No aspecto legislativo, a aprovação da Lei Henry Borel em maio de 2022 representou um avanço na luta contra o abuso infantil. Ela classifica o homicídio de menores de 14 anos como crime hediondo e impõe punições mais severas para crimes de injúria e difamação cometidos contra menores. Ainda assim, a aplicação efetiva dessa lei e de outras medidas de proteção continua a ser um desafio.

Falta de prioridade nos tribunais: um desafio a ser superado?

Essa preocupação é partilhada pela Dra. Barbara Heliodora, advogada de família e especialista em alienação parental. Segundo ela, a proteção das crianças ainda não recebe a atenção devida nos tribunais. A advogada salienta que, embora a proteção contra a violência feminina seja fundamental, é necessário elevar o nível de proteção oferecido às crianças para que atenda ao mesmo padrão de defesa que é oferecido às mulheres.

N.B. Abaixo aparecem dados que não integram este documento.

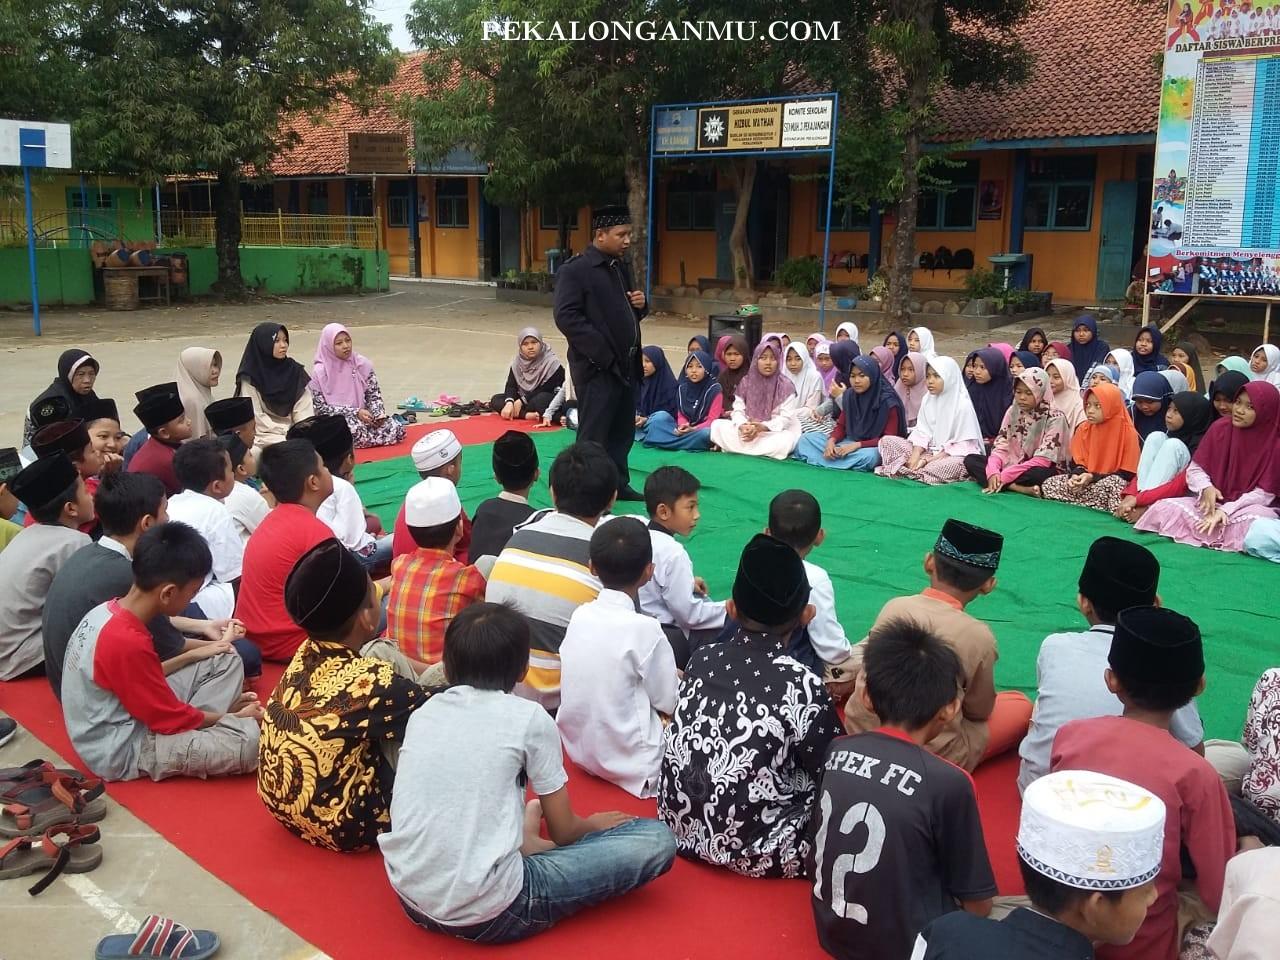 Tingkatkan Iman dan Taqwa, SDM 3 Pekajangan Gelar Pesantern Ramadhan

O que pode ser feito para melhorar a proteção das crianças?

Segundo Barbara, falta apoio e atenção à violência infantil no país. “Eu posso falar de vários casos que a gente leva ao judiciário mostrando que a criança está sendo vítima e infelizmente não são resolvidos”, comenta. Ela chama a atenção para a necessidade de uma abordagem multidisciplinar que inclua ação conjunta de promotores, advogados, psicólogos e assistentes sociais para lidar efetivamente com essa problemática.

Para ajudar a combater a violência contra crianças, a sociedade pode colaborar denunciando qualquer suspeita ou caso confirmado de abuso. Isso pode ser feito através das delegacias especializadas ou pelo Disque 100.